Detection is a pipeline: logs flow in, rules match suspicious activity, alerts flow out to analysts. Understand the flow and the SIEM that runs it before writing a single rule.
Why: a Security Operations Center (SOC) detects attacks by collecting logs from across the environment, matching them against detection logic, and raising alerts for humans to investigate — so detection is a data pipeline, not a product you buy. When: think in terms of this flow when designing any detection. Where: the SIEM (Security Information and Event Management) is the engine that ingests, stores, searches, and alerts on that log data.
SOURCES ─► COLLECT ─► NORMALIZE ─► DETECT ─► ALERT ─► TRIAGE ─► RESPOND
(endpoints, (agents/ (common (rules/ (to an (analyst (IR — see
servers, syslog) schema) ML) queue) reviews) DFIR course)
network,
cloud, apps)
The SIEM runs COLLECT -> DETECT -> ALERT. Good detection needs good data.Why: a SIEM centralizes logs from everywhere so you can search across them, correlate events from different sources, and run detection rules continuously — no single log tells the whole story of an attack. When: route all security-relevant logs into it. Where: Splunk, Elastic (ELK), Microsoft Sentinel, and Wazuh (open-source) are common SIEMs; the concepts transfer between them.
A SIEM gives you:
CENTRALIZATION one place for endpoint + network + cloud + app logs
SEARCH query across all of it fast (over huge volumes)

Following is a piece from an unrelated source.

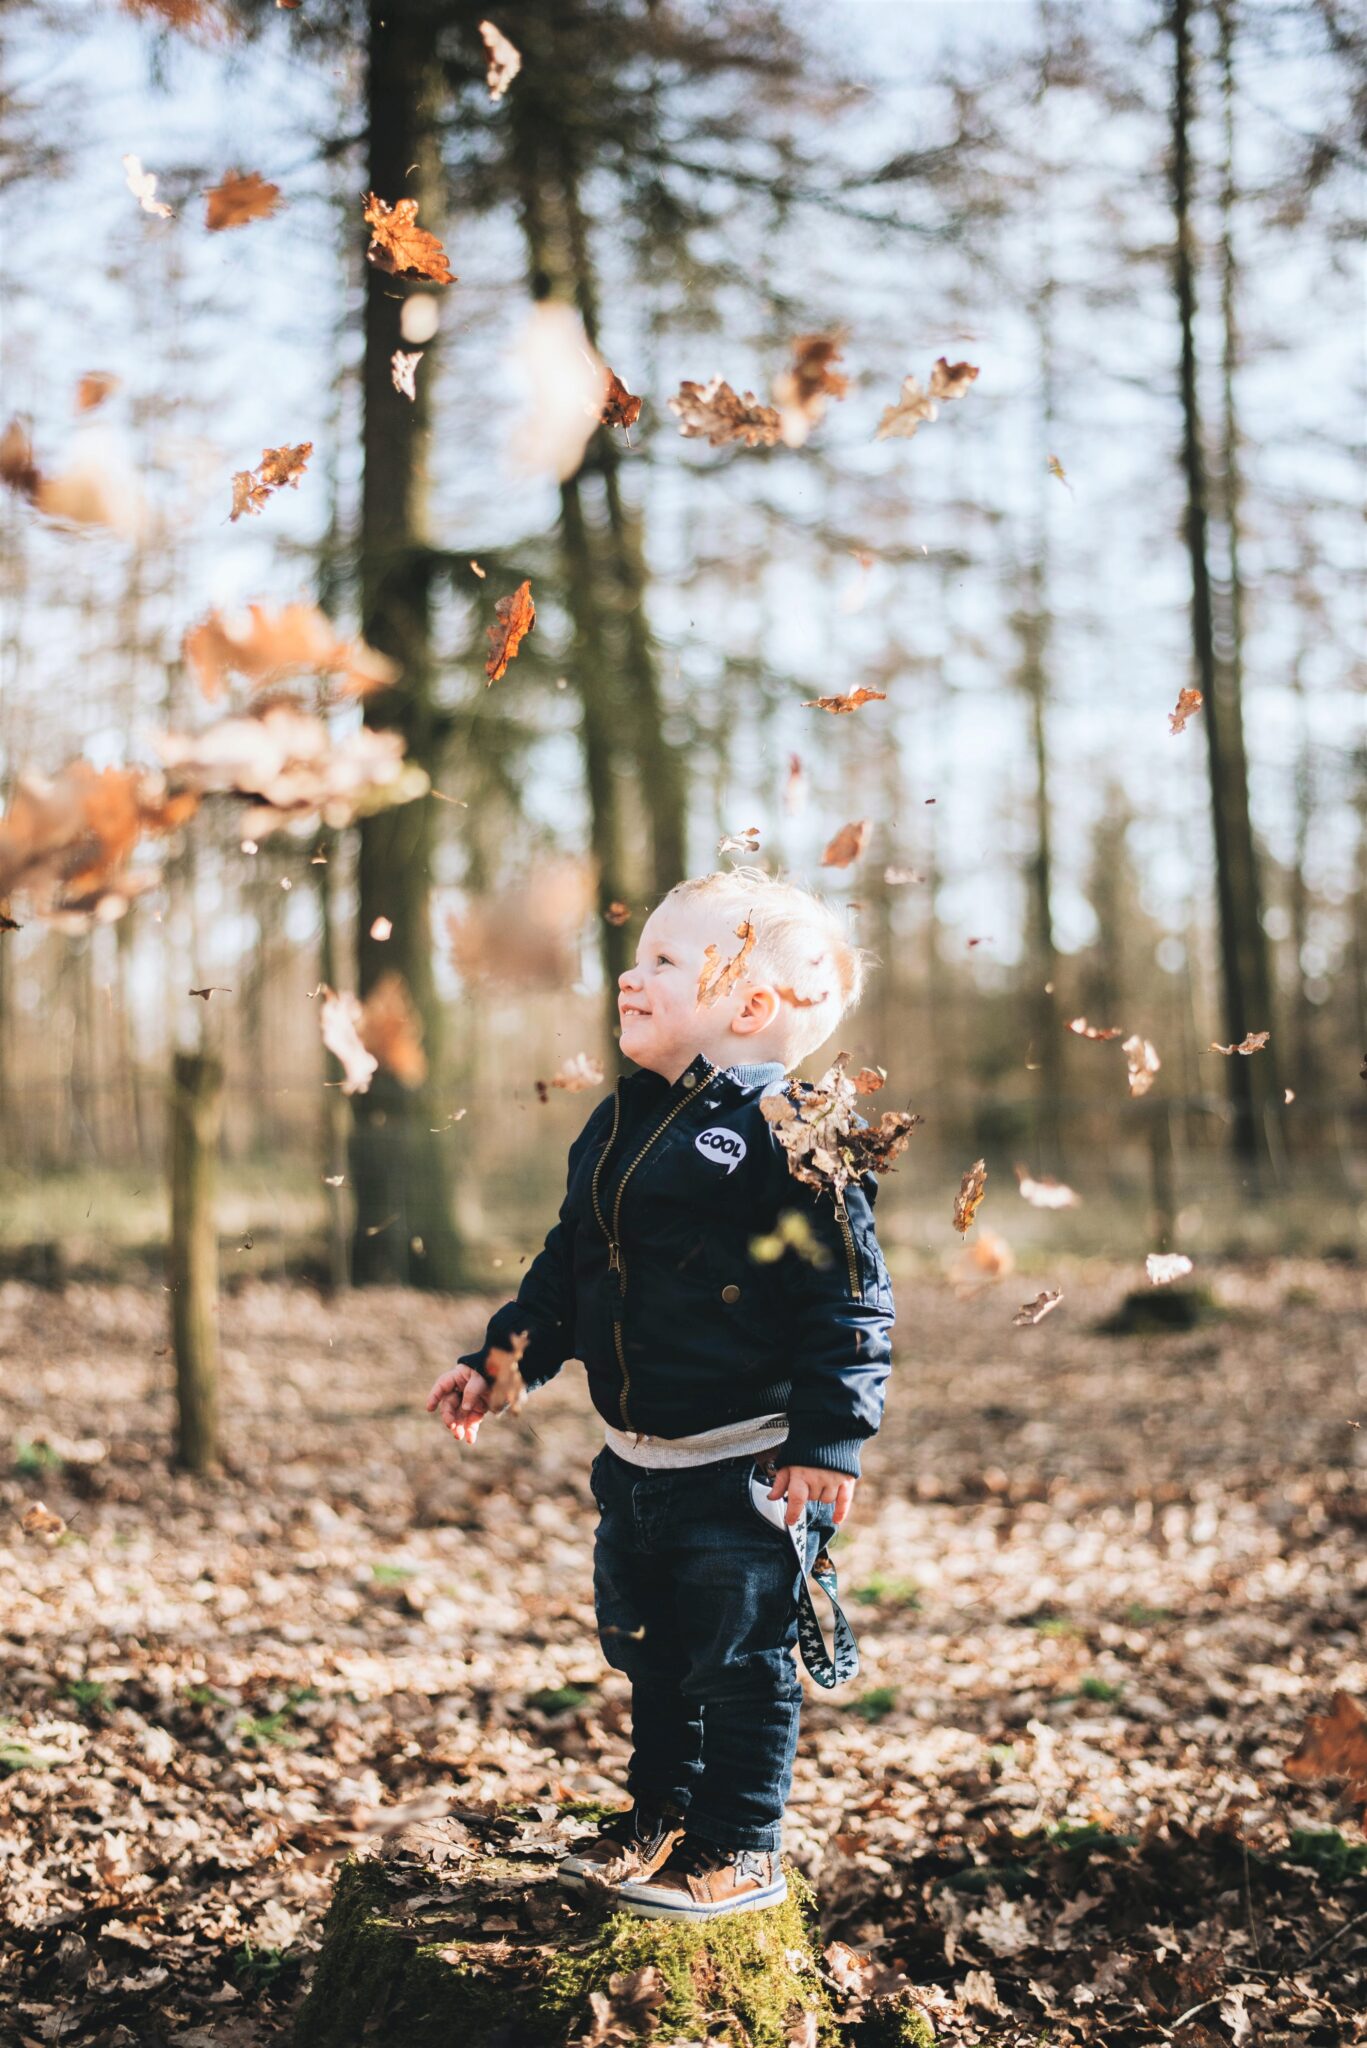 5 Fun Outdoor Play Ideas That Nurture Imagination and Learning

CORRELATION link events from different sources into one story
DETECTION run rules continuously; alert on matches
RETENTION keep logs long enough to investigate + comply
Examples: Splunk, Elastic/ELK, Microsoft Sentinel, Wazuh (open source).Why: you cannot detect what you do not log — a rule for "PowerShell downloading a file" is useless if PowerShell logging is off — so detection engineering starts with ensuring the right telemetry exists. When: before writing a rule, confirm the source data is collected and complete. Where: this is why log-source coverage (next lesson) precedes rule writing.
"We didn't detect it" almost always means "we weren't logging it."
Before any detection rule, ask:
- is the source log being collected at all?
- is it complete (right verbosity / audit level enabled)?
- is it reaching the SIEM reliably (no gaps)?
- is it retained long enough to investigate after the fact?
No data -> no detection. Coverage first, rules second.